Las cejas de Rey se fruncieron mientras miraba a Esme, claramente confundido por lo que ella preguntaba.
—¿Qué es eso?
¿Una Habilidad que causa Glitches?
Quizás ella quería decir que el nombre de la Habilidad era Glitch.
La respuesta era obviamente no.
—¡No!
Es como, la Habilidad misma está fallando.
Algo como mostrar letras, números o símbolos al azar —respondió ella—.
¿Tenía algo así?
—¿Eh…?
—Rey no sabía de qué estaba hablando Esme.
Esta era la primera vez que oía hablar de Habilidades así.
¿Existían siquiera tales Habilidades en H’Trae?
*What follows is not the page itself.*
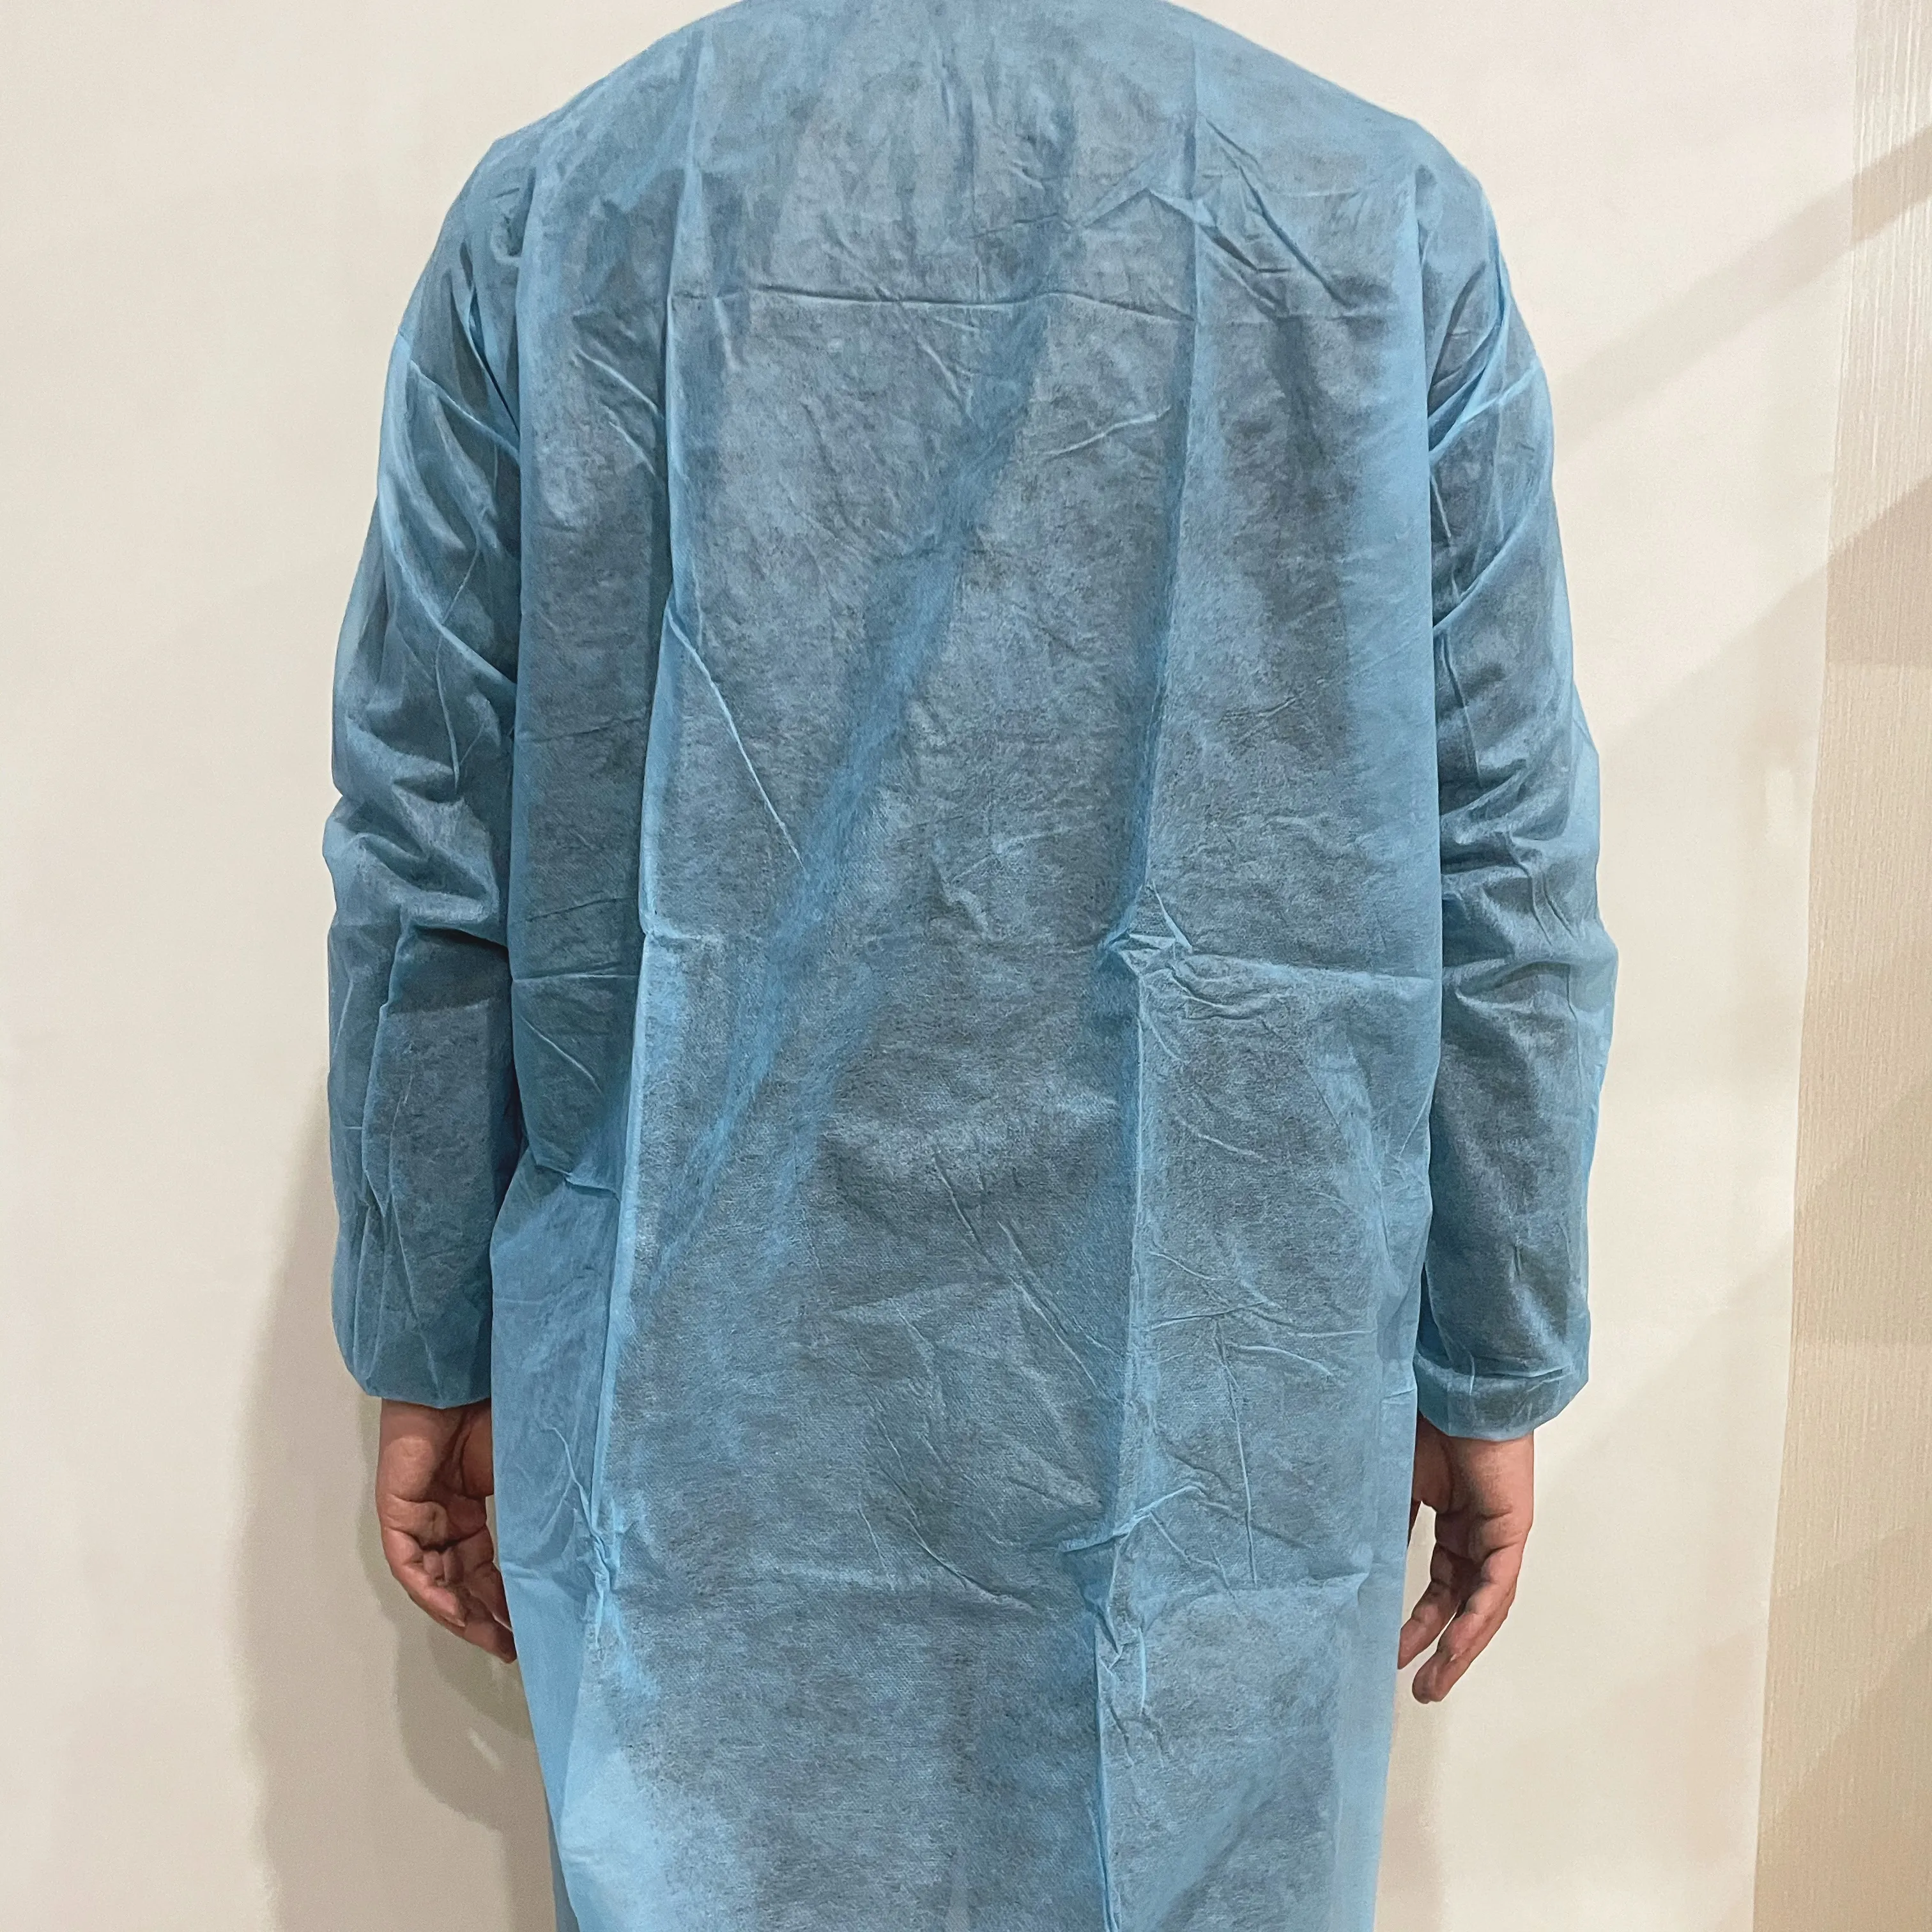 PP Lab Mantel 25 g blau Lab Mantel mit Knopf keine Tasche XL zwei Stück verkauf

—Entonces no lo viste, ¿eh?
Eso es extraño…
incluso pareces confundido con lo que estoy diciendo.
La respuesta de Esme solo sumergió a Rey en más confusión.
—Espera.
¿Qué estás dicien?
—Quiero decir, pensé que al menos sabrías de ella, incluso si no conocías su existencia… ¿verdad?
—murmuró ella, más para sí misma, ahora caminando de un lado a otro por la habitación.
—No entiendo…
—Yo solo he visto el glitch una vez también.
Y lo usé como explicación para todas esas cosas que hiciste, teniendo poderes tan increíbles a pesar de no tener demasiadas Habilidades en tu Ventana de Estado.
En este punto, Rey se impacientó y agarró a Esme por ambas manos, deteniendo su caminar.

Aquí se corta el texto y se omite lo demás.